作者:小小冰露 | 分类:古言 | 字数:202.1万

第187章 通情达理

书名:妃常嚣张:王爷很腹黑 作者:小小冰露 字数:6467 更新时间:2024-11-17 03:30:50

乱了片刻,一行人先去御帐见过皇帝,一说之下才知道,失陷在林中的,除了丞相许一鸣,还有中郎将之女袁青眉和另外两外公子。

许一鸣与皇帝同组,是在大雪起时走散,而袁青眉与四皇子淳于信同组,却是在追赶猎物时与同队人走散,余下两位公子,一个是太子同队,一个是二皇子同队。

六队人,在林中都前后迷路,因迷路而误了时辰,大雪起时,六队人均是抛下猎物觅路出林,竟没有一只猎物带回。可到最后完整回来的,便是三皇子淳于康和五皇子淳于昌所率的两队。只是三皇子一队后来自行寻路出林,又比五皇子一队要人搜救强了一些。

当即皇帝判定,此次狩猎以三皇子一队胜出。

密林中的人还在搜索,而御帐那方,已经欢声笑语,演起了歌舞。许乐乐据案独坐,心中暗叹,当朝丞相、一位小姐、两位公子生死未卜,对这些人没有丝毫的影响,便足见官场的冷漠,皇室的凉薄。

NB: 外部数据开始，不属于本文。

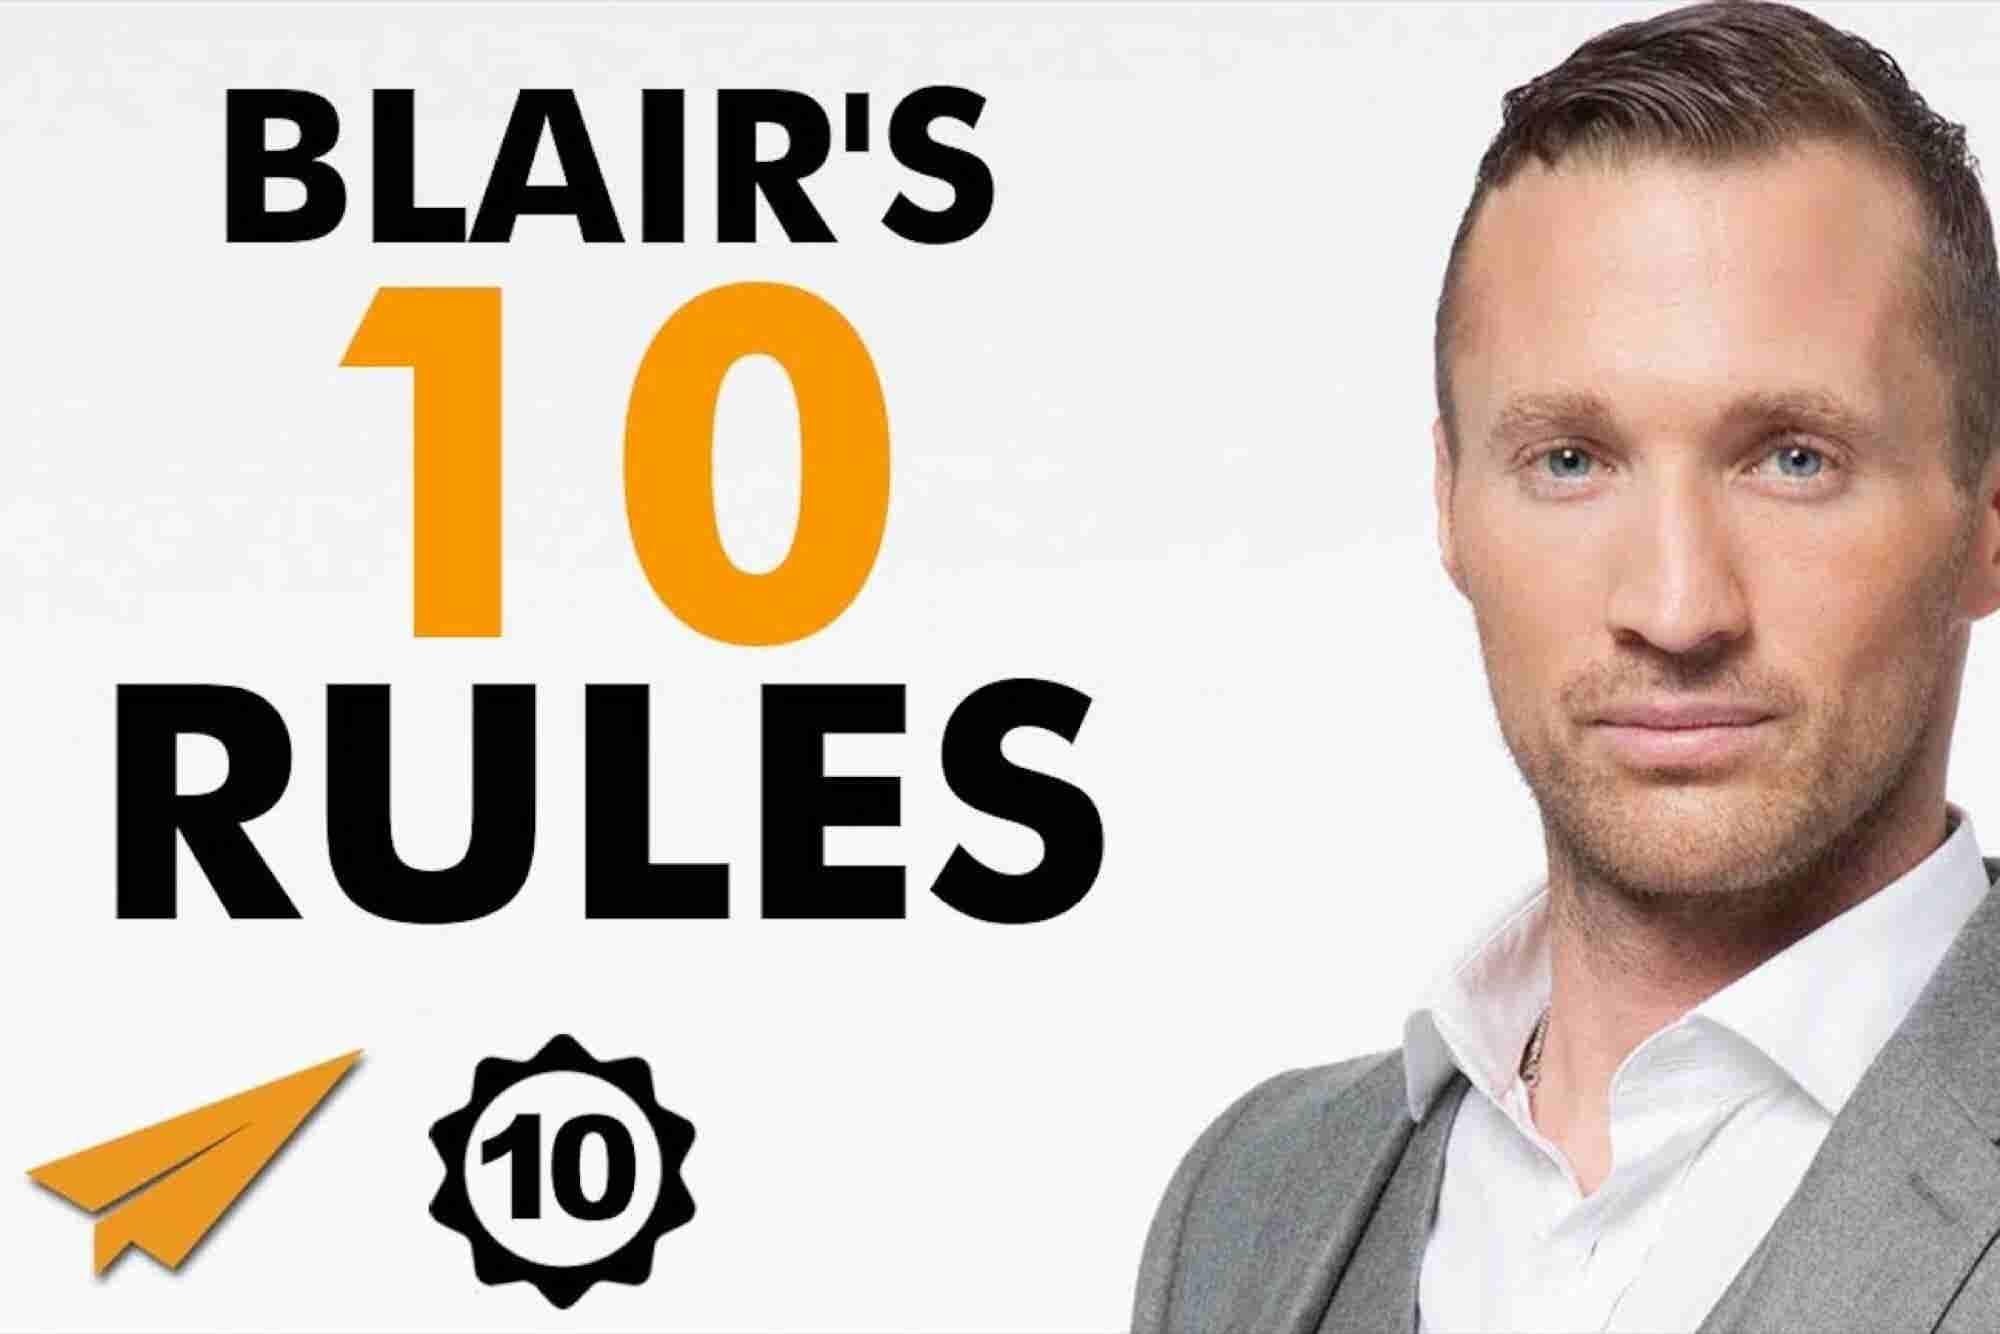 Ryan Blair's Top 10 Rules for Success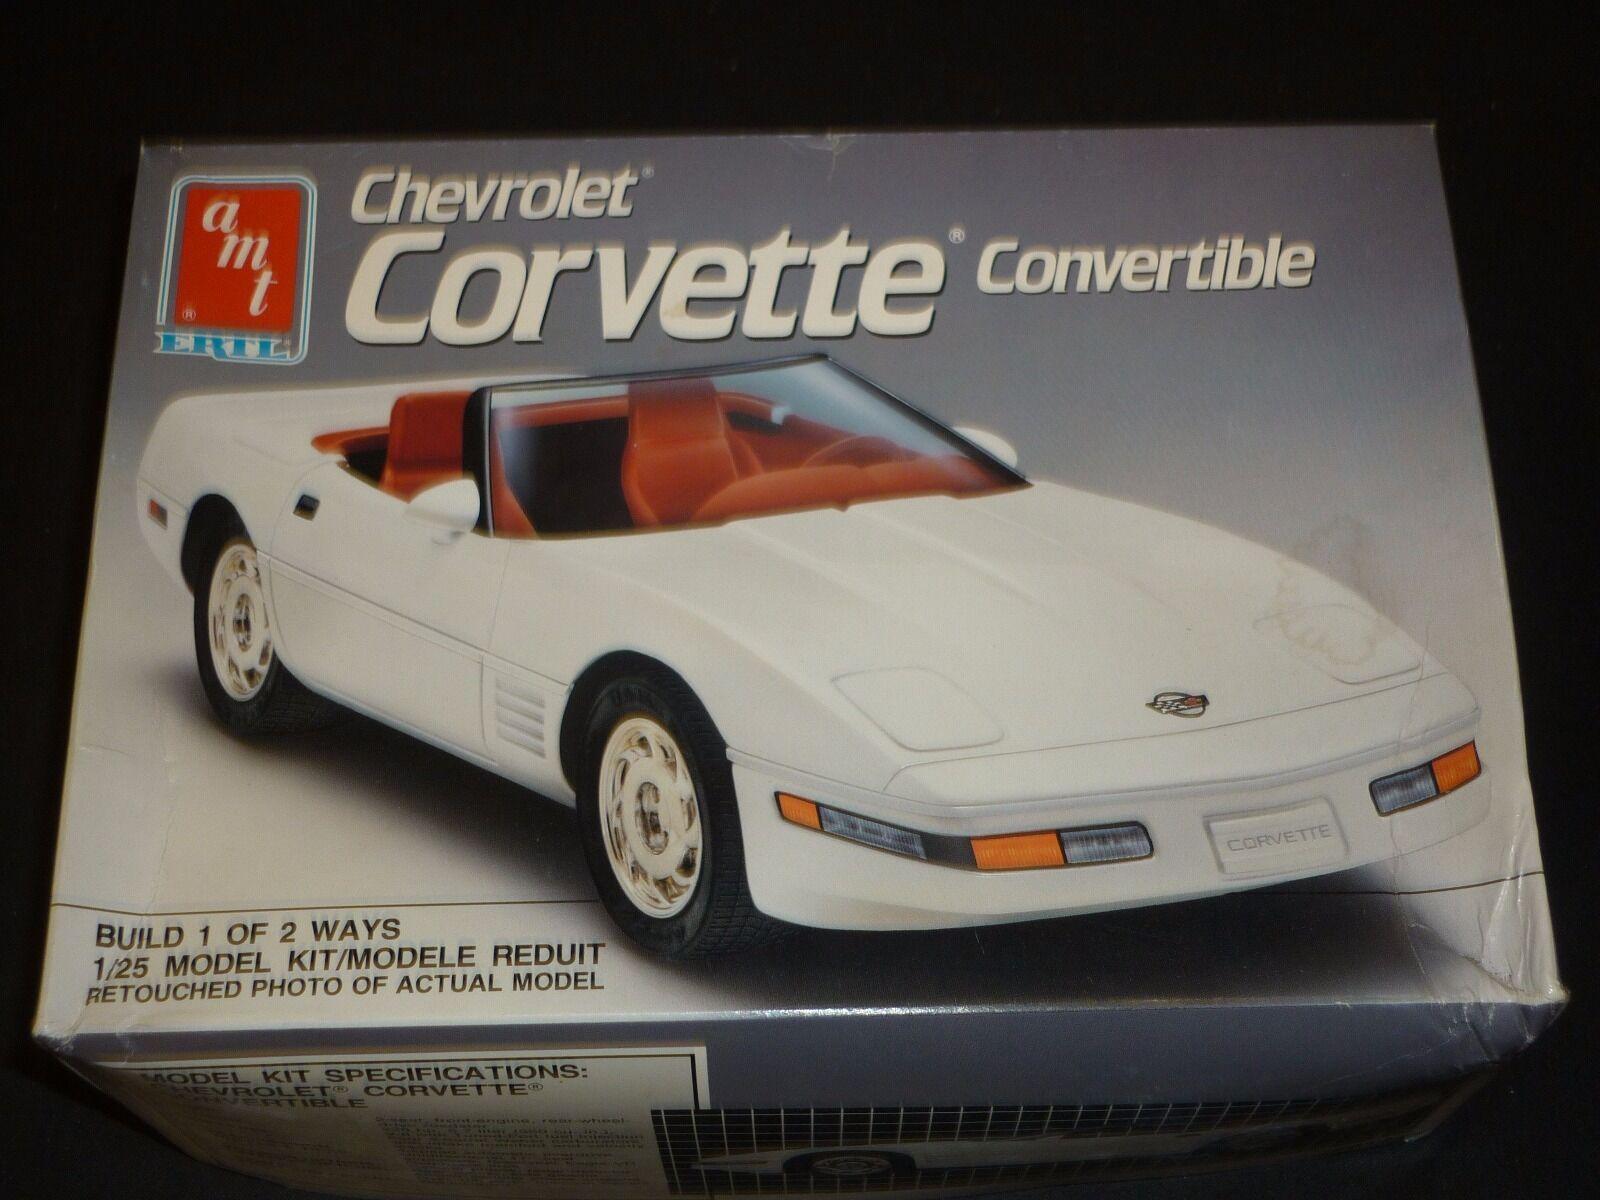 AMT   ERLT un made plastic kit of a Chevrolet corvette congreenible,  boxed

夜幕渐渐降临,林中搜救的队伍陆续转回,两位公子被寻到带了回来,许一鸣和袁青眉却仍然下落不明。

若是在平日,林子虽密,仍可继续寻找,而此刻,漫天的大雪丝毫不停,纷纷扬扬的下着,整个林子已被大雪覆盖,更加难辩道路。中郎将袁冠顺急的连连跺脚,眼巴巴望着被大雪覆盖的密林,却不知如何是好。

许乐乐立在袁冠顺身后不远,目光也是遥望着远处的密林,默默的等待。淳于信走出御帐,便瞧见那条纤细独立的身影,微微一停,走了过去,轻声唤道,“乐乐!”

许乐乐并不回头,只是应了一声,说道,“没事,他们会回来的!”除了许一鸣,赵承三人也仍在林中。

淳于信咬了咬牙,说道,“我命路宁带人再去!”说着便要唤人。

许乐乐忙将他唤住,摇头道,“等他们进了林子,天已全黑,又是漫天的大雪,岂不是白白损失人命?”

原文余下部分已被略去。